City of New Orleans v. DukesAnnotate this Case
427 U.S. 297 (1976)
U.S. Supreme Court
City of New Orleans v. Dukes, 427 U.S. 297 (1976)
City of New Orleans v. Dukes
Argued November 11, 1975
Decided June 25, 1976
427 U.S. 297
A New Orleans ordinance prohibits pushcart food sales in the Vieux Carre, or French Quarter, but by a "grandfather provision" exempts pushcart vendors who had operated in the Quarter for eight years. Appellee, who had conducted a pushcart business there for less than that time, brought suit in the District Court challenging the application of the grandfather provision as a denial of equal protection. The District Court granted appellant city's motion for summary judgment. The Court of Appeals, finding the grandfather provision a totally arbitrary and irrational method of achieving the city's conceded authority to regulate street business in the Vieux Carre to preserve the Quarter's values as a tourist attraction, and relying mainly on Morey v. Doud,354 U. S. 457, reversed, and remanded the case for a determination as to the severability of the grandfather provision.

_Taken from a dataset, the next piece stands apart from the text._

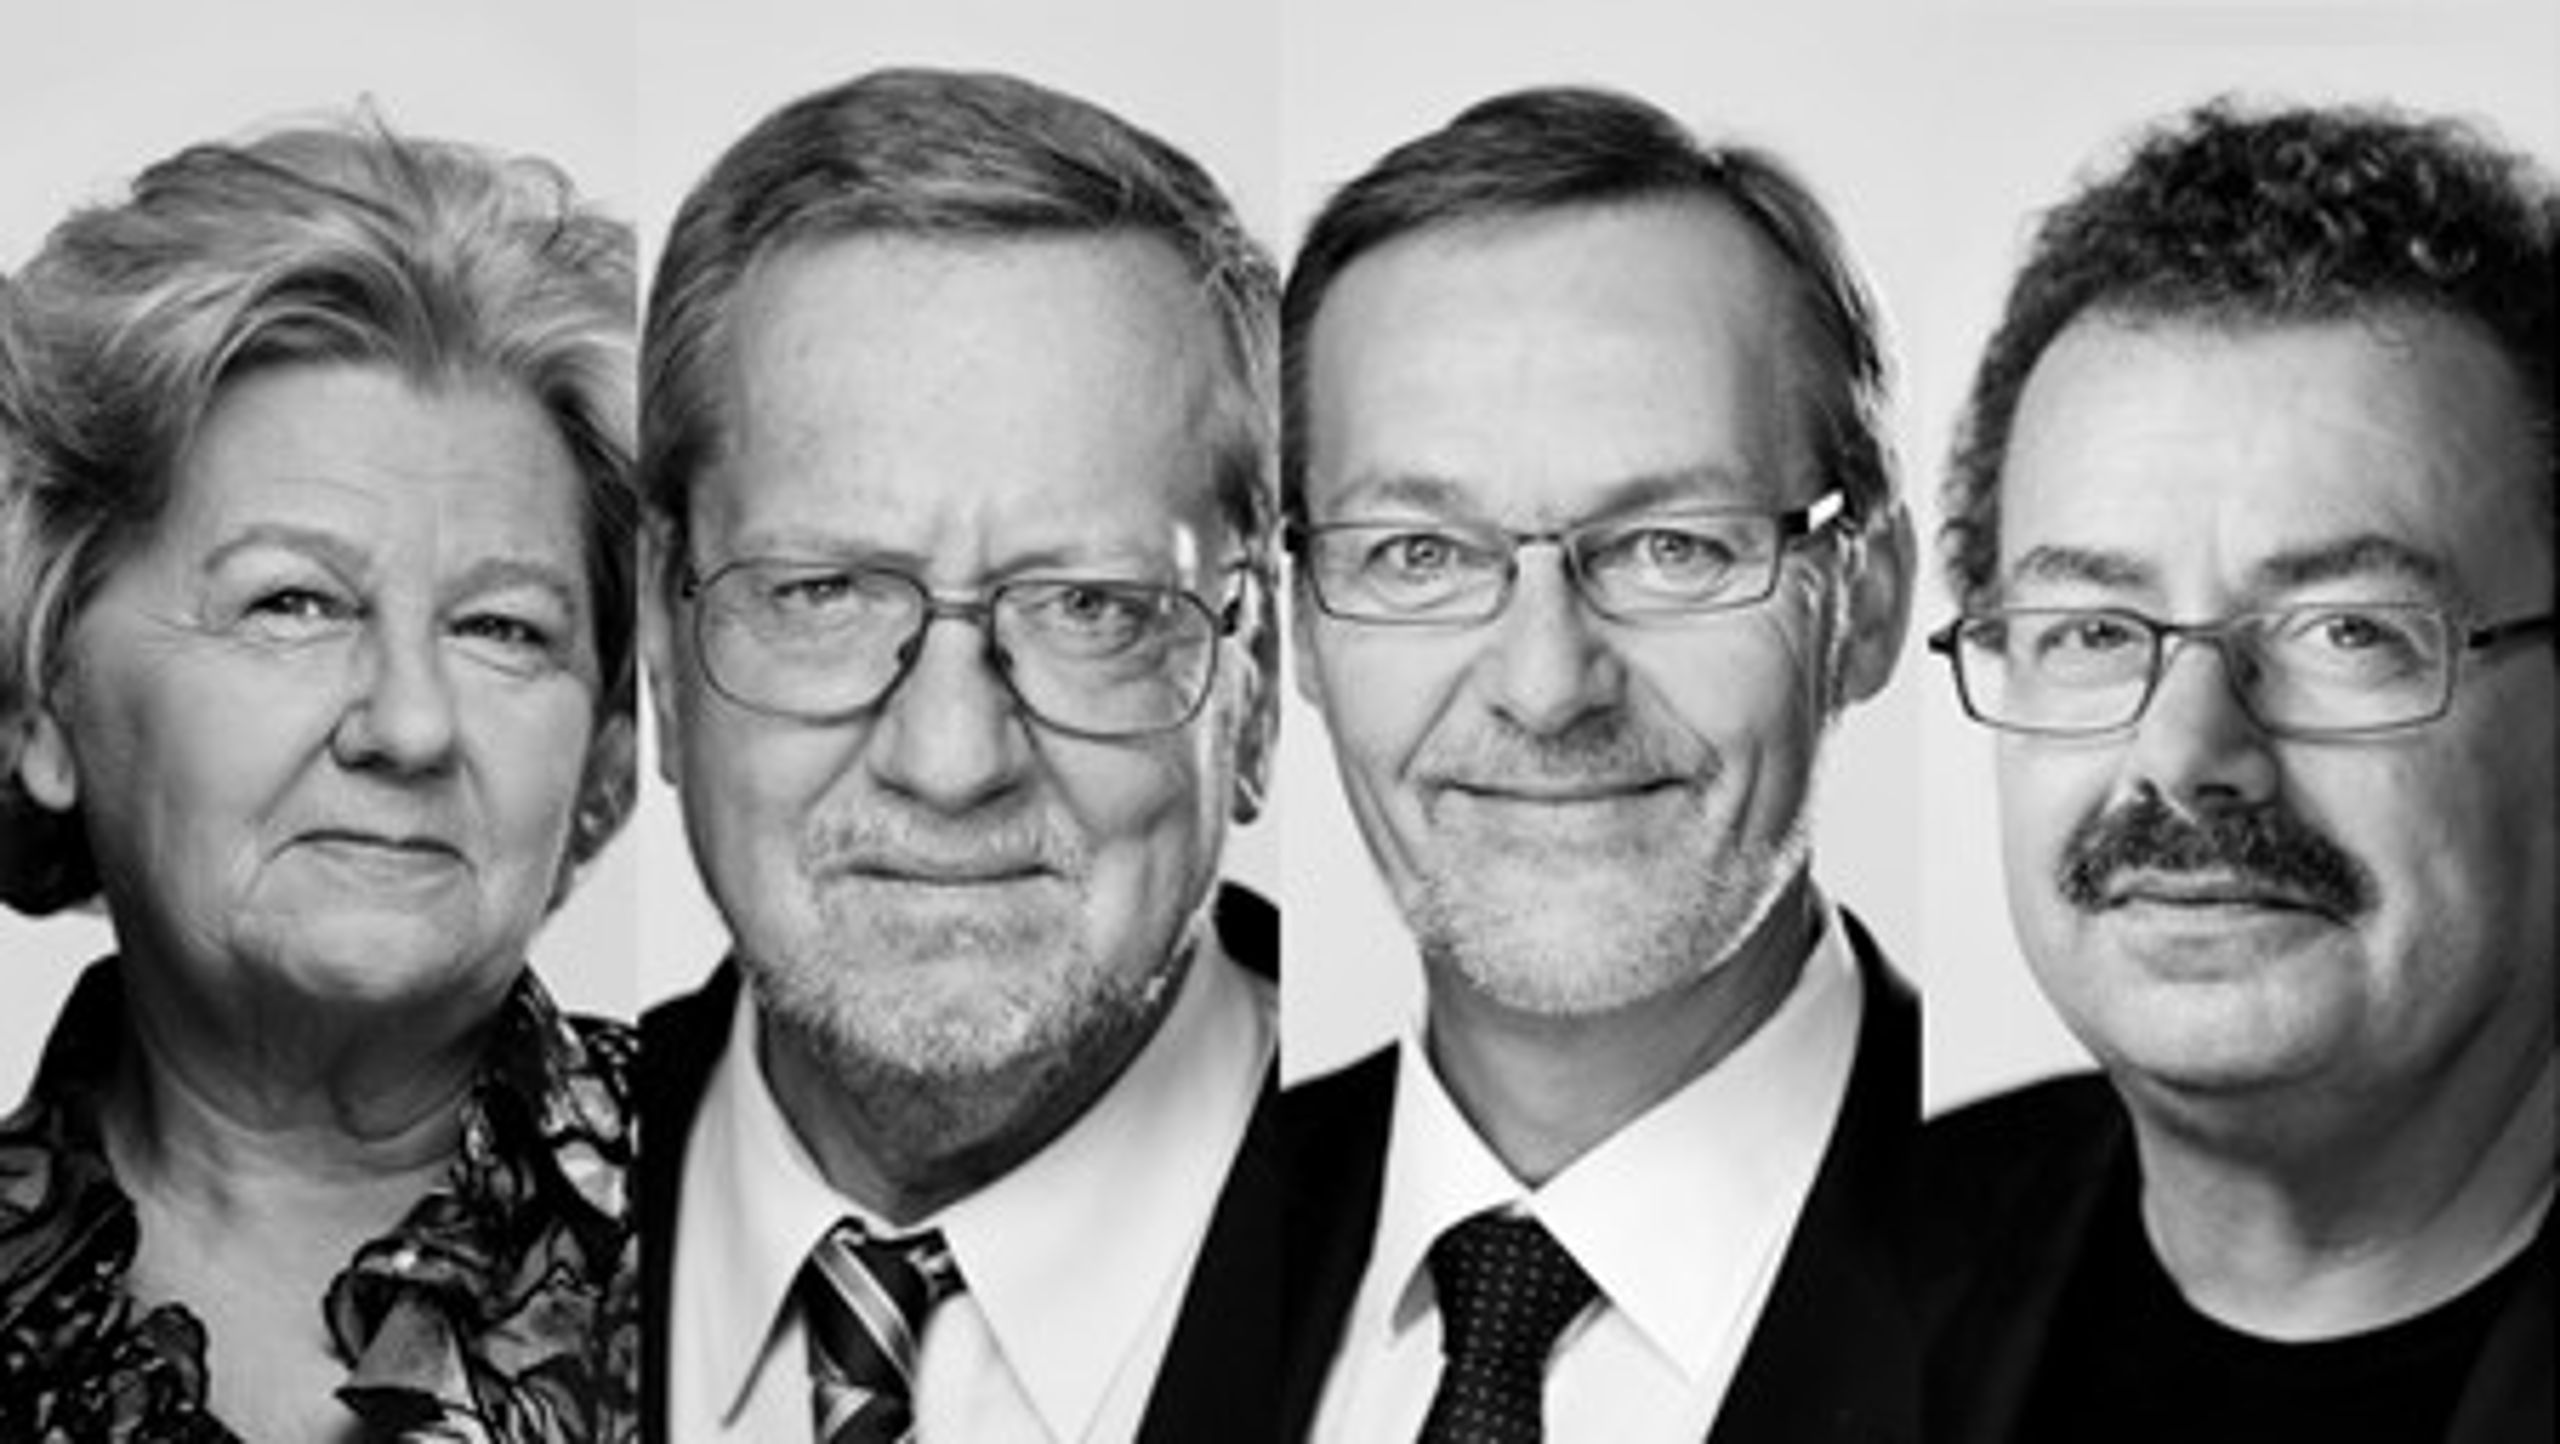 Birthe Rønn Hornbech&nbsp;(V), Per Stig Møller (K), Ole Sohn (S) og Per Clausen (EL) er nogle af de folketingsmedlemmer, som vi med sikkerhed skal sige farvel til efter valget.&nbsp;

1. This Court has jurisdiction of the appeal under 28 U.S.C. § 1254(2), which authorizes this Court's review of an appeal by a party relying on a state statute (including a municipal ordinance) held unconstitutional by a court of appeals. Notwithstanding whether the ordinance as a whole or only its grandfather clause will be invalidated, its unconstitutionality has been definitely and finally adjudicated by the Court of Appeals, leaving no federal issue to be resolved below.

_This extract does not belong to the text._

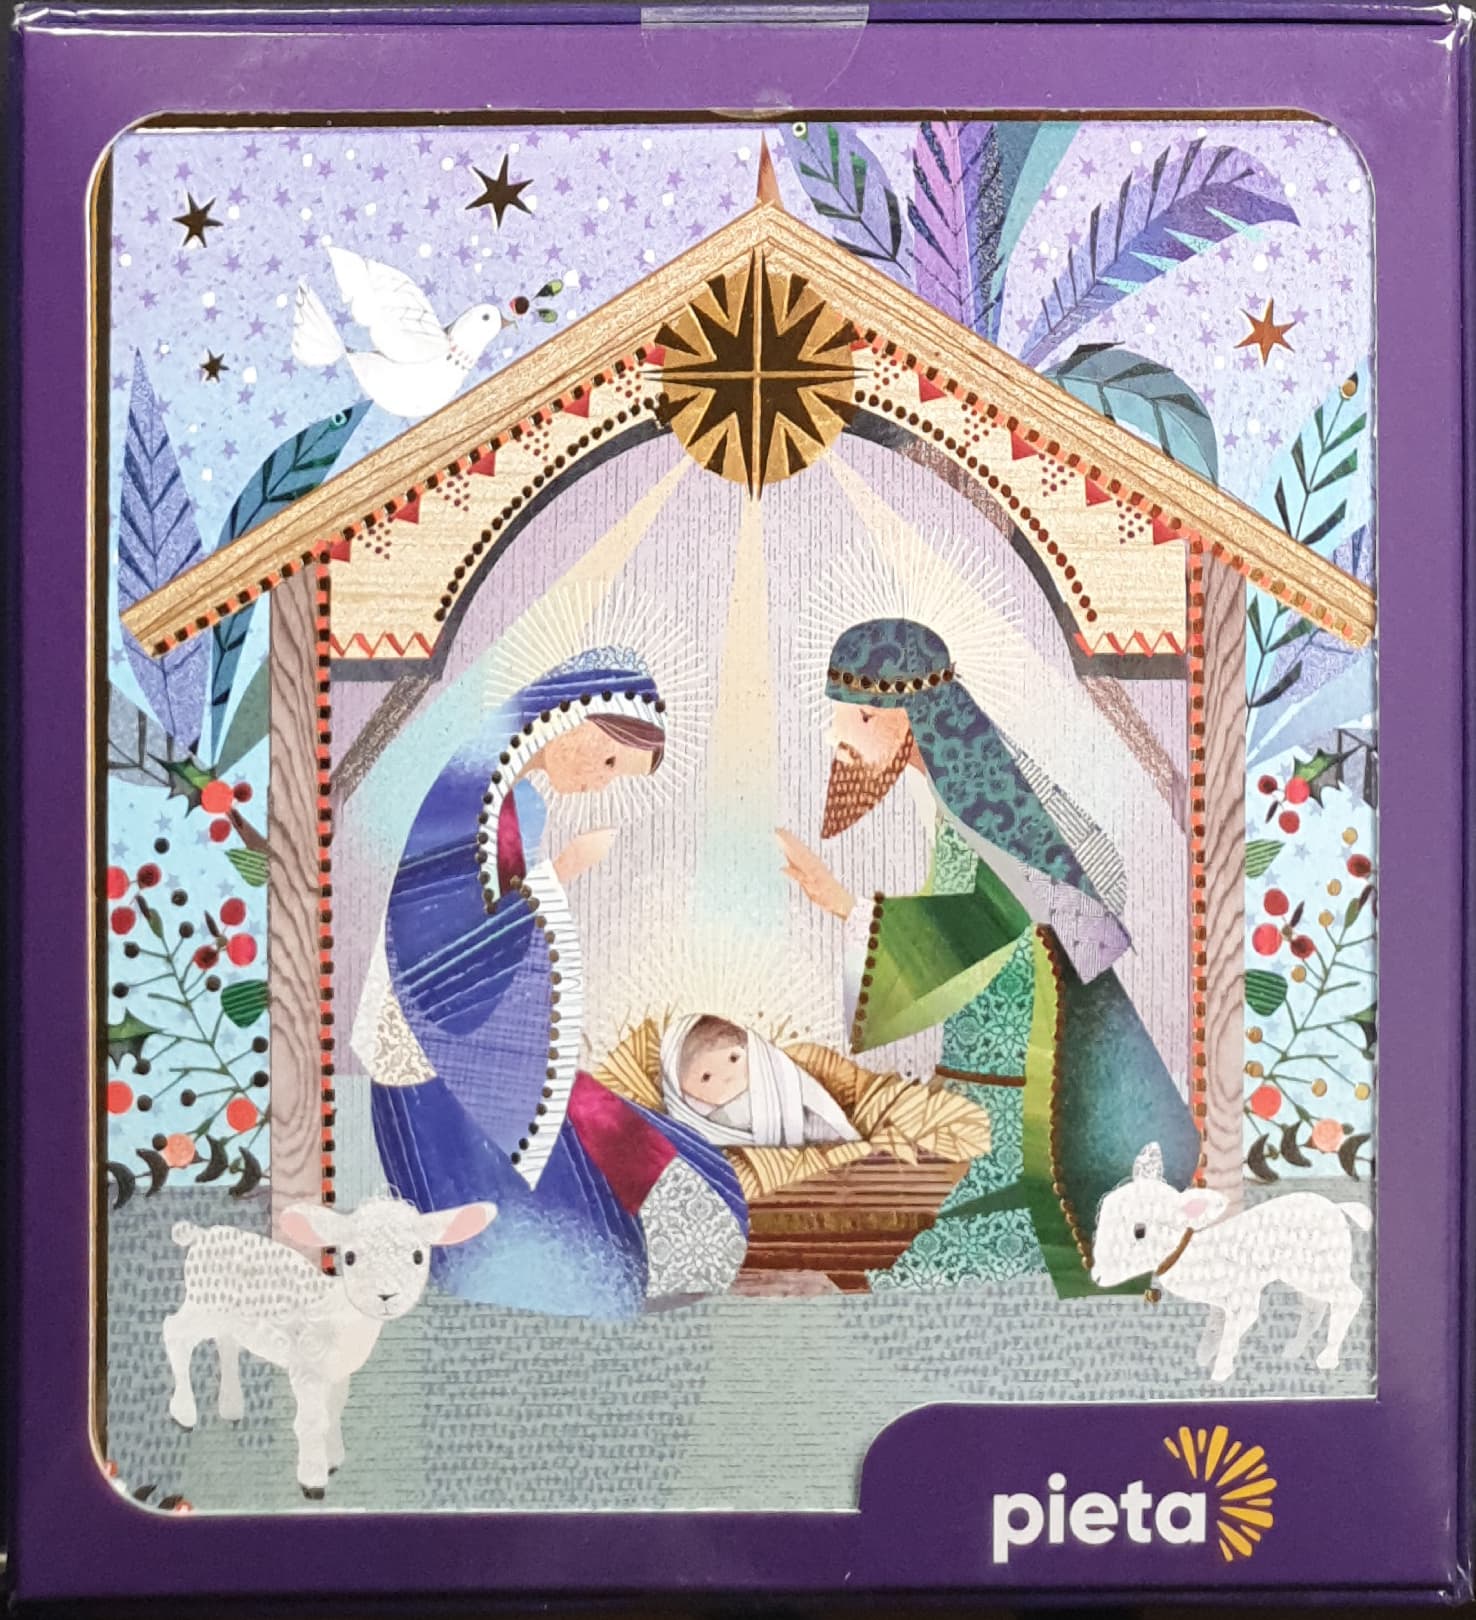 Charity Christmas Card (In Irish & English) - Box of 16 / Pieta - Joseph & Mary & Baby Jesus

2. The grandfather provision does not violate the Equal Protection Clause of the Fourteenth Amendment. Morey v. Doud, supra, overruled.
(a) States have wide latitude in regulating their local economies, and when a local economic regulation like the ordinance here, which is aimed solely at enhancing the Vieux Carre's tourist appeal as part of the economy of New Orleans, is challenged as violating equal protection, this Court defers to the legislative determination as to the desirability of particular statutory discriminations, and only such regulations as amount
to an invidious discrimination will be held to violate the Equal Protection Clause.
(b) The city could rationally choose initially to eliminate more recent pushcart vendors, rather than absolutely to bar all pushcart vendors, on the ground that the newer businesses were less likely to have built up substantial reliance interests in the Vieux Carre, and that the two vendors that qualified under the grandfather clause themselves have become part of the distinctive charm of the Quarter.
501 F.2d 706, reversed and remanded.